Class Schema

java.lang.Object
ai.rapids.cudf.Schema

public class Schema extends Object
The schema of data to be read in.
  • Field Details

    • INFERRED

      public static final Schema INFERRED
  • Method Details

    • getChild

      public Schema getChild(int i)
      Get the schema of a child element. Note that an inferred schema will have no children.
      Parameters:
      i - the index of the child to read.
      Returns:
      the new Schema
      Throws:
      IndexOutOfBoundsException - if the index is not in the range of children.
    • toString

      public String toString()
      Overrides:
      toString in class Object
    • builder

      public static Schema.Builder builder()
    • getFlattenedColumnNames

      public String[] getFlattenedColumnNames()
      Get names of the columns flattened from all levels in schema by depth-first traversal.
      Returns:
      An array containing names of all columns in schema.
    • getColumnNames

      public String[] getColumnNames()
      Get names of the top level child columns in schema.
      Returns:
      An array containing names of top level child columns.
    • isNested

      public boolean isNested()
      Check if the schema is nested (i.e., top level type is LIST or STRUCT).
      Returns:
      true if the schema is nested, false otherwise.
    • hasNestedChildren

      public boolean hasNestedChildren()
      This is really for a top level struct schema where it is nested, but for things like CSV we care that it does not have any children that are also nested.
    • getFlattenedTypeIds

      public int[] getFlattenedTypeIds()
      Get type ids of the columns flattened from all levels in schema by depth-first traversal.
      Returns:
      An array containing type ids of all columns in schema.
    • getFlattenedTypeScales

      public int[] getFlattenedTypeScales()
      Get scales of the columns' types flattened from all levels in schema by depth-first traversal.
      Returns:
      An array containing type scales of all columns in schema.
    • getFlattenedDecimalPrecisions

      public int[] getFlattenedDecimalPrecisions()
      Get decimal precisions of the columns' types flattened from all levels in schema by depth-first traversal.

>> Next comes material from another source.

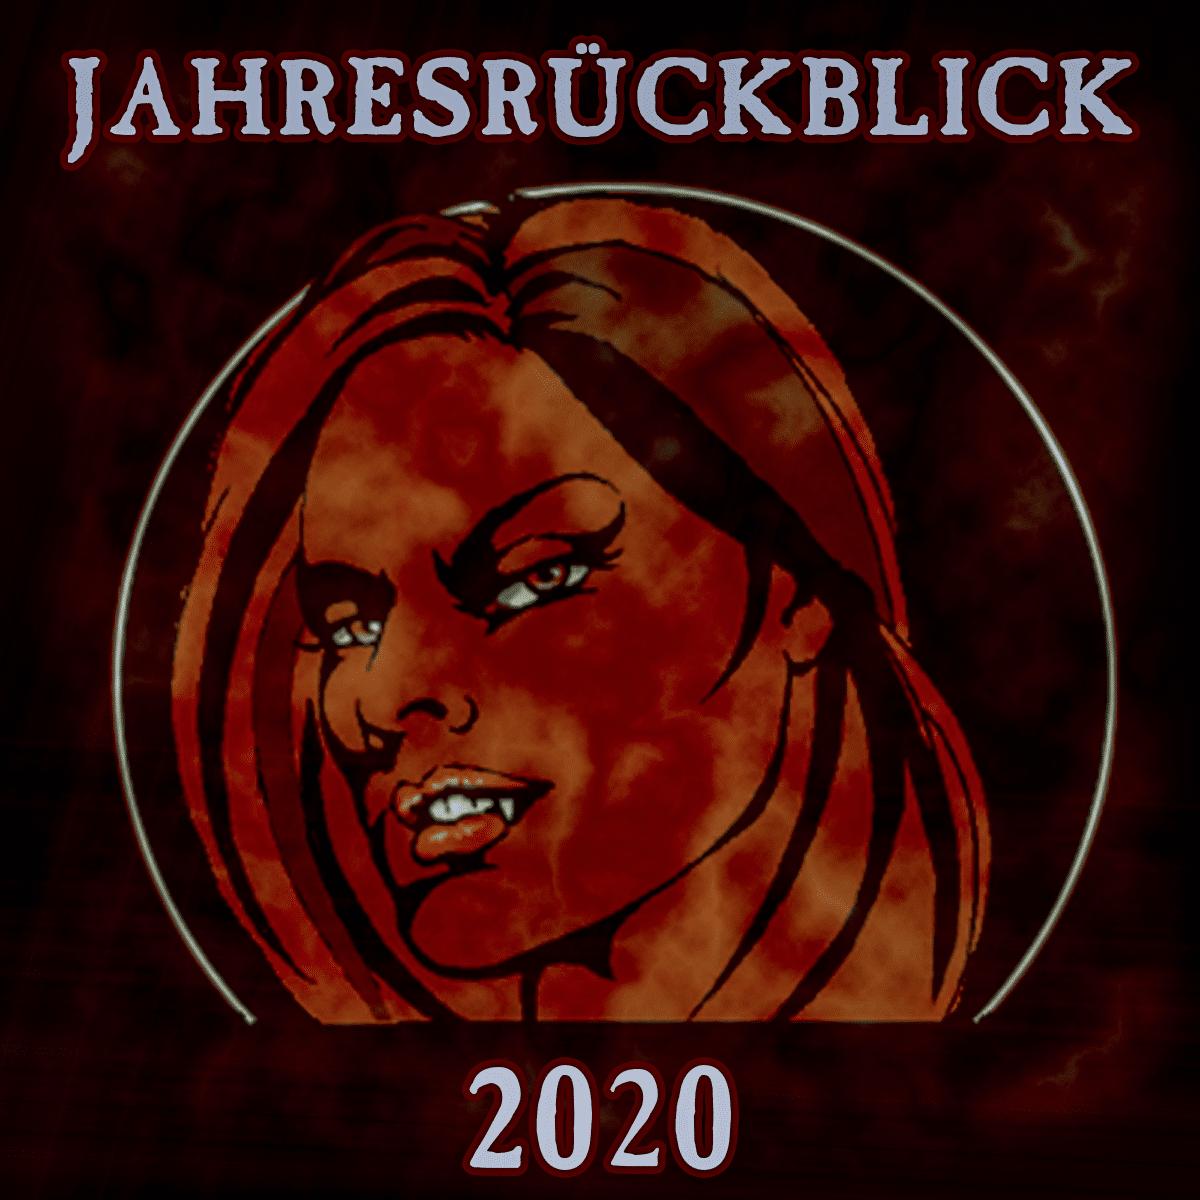 jahresruckblick-2020-von-markus

      This is used to pass down the decimal precisions from Spark to only the JNI layer, where some JNI functions require precision values to perform their operations. Decimal precisions should not be consumed by any libcudf's APIs since libcudf does not support precisions for fixed point numbers.

      Returns:
      An array containing decimal precision of all columns in schema.
    • getFlattenedTypes

      public DType[] getFlattenedTypes()
      Get the types of the columns in schema flattened from all levels by depth-first traversal.
      Returns:
      An array containing types of all columns in schema.
    • getChildTypes

      public DType[] getChildTypes()
      Get types of the top level child columns in schema.
      Returns:
      An array containing types of top level child columns.
    • getNumChildren

      public int getNumChildren()
      Get number of top level child columns in schema.
      Returns:
      Number of child columns.
    • getFlattenedNumChildren

      public int[] getFlattenedNumChildren()
      Get numbers of child columns for each level in schema.
      Returns:
      Numbers of child columns for all levels flattened by depth-first traversal.
    • getType

      public DType getType()
    • isStructOrHasStructDescendant

      public boolean isStructOrHasStructDescendant()
      Check to see if the schema includes a struct at all.
      Returns:
      true if this or any one of its descendants contains a struct, else false.
    • asHostDataType

      public HostColumnVector.DataType asHostDataType()